Reply from Ron Prichard,
Unfortunately, (or perhaps, fortunately); I stay way too busy to even attempt to keep up with GCA. There were several responses to Tim Liddy which were correct. Anyone involved with the design of over 400 courses, would of course display some repetition of characteristics in his green's design, (and although this might fly over the heads of some people), that would include the putting surfaces. In the efforts I have made to carefully study the great old golf courses, (which includes many built here in America prior to World War II), I have not found any work which compares to that of Donald Ross, (although we must remember there was an even greater architect who created much of what we see at St. Andrews and a few other old links). I don't believe I've ever seen a close duplication of any golf hole, or any "Green", on a Ross course.
I leave it to others to judge then where he fits in the ranks of Master Architects; and I have the deepest admiration for MacDonald, Raynor, and who would not recognize the skill of Tillinghast, (if he visited Winged Foot).
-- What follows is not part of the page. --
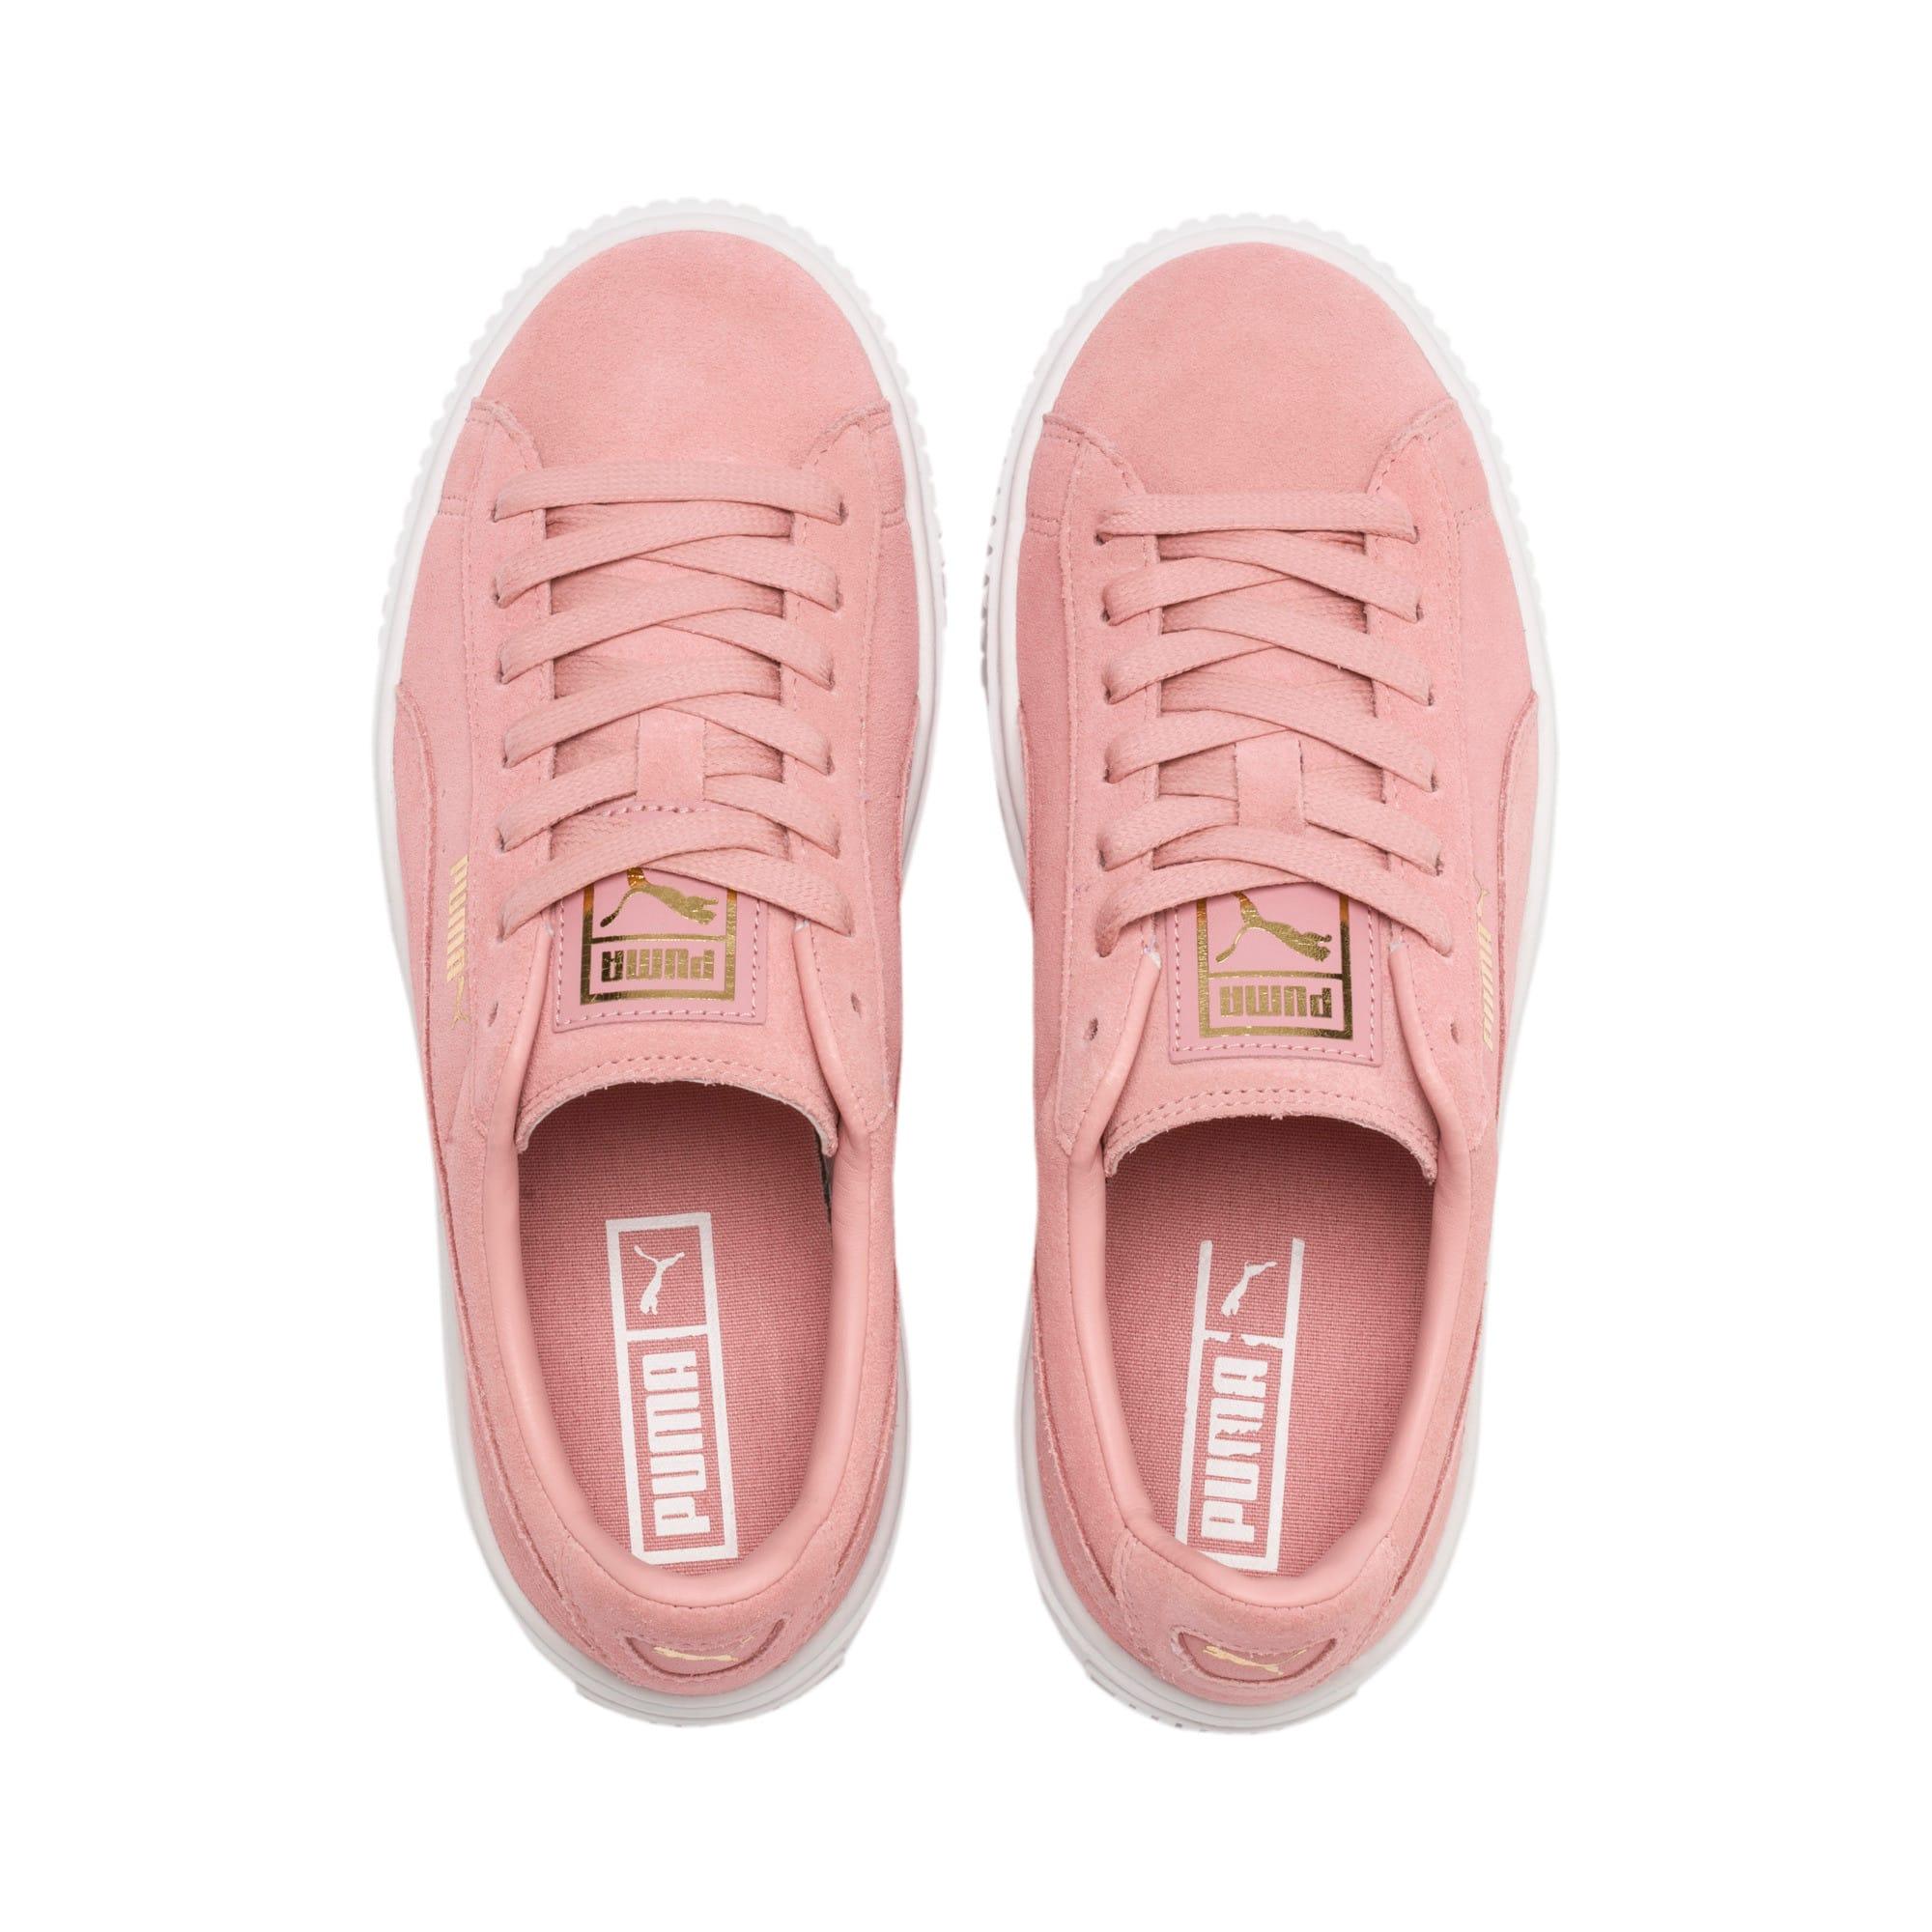 Thumbnail 7 of Suede Platform Women's Sneakers, Bridal Rose-Puma Team Gold, medium

Mike, There is a great quotation from a book written by Humphrey Repton, "Landscape Architecture", written in 1797 which should be memorized by ever wannabe, or active, golf architect:
".....True taste, in every art, consists more in adapting tried expedients to peculiar circumstance than in that inordinant thirst for novelty, the characteristic of uncul-tivated minds, which from the facility of inventing wild theories, without experience, are apt to suppose that taste is displayed by novelty, genius by innovation, and that every change must necessarily tend to improvement."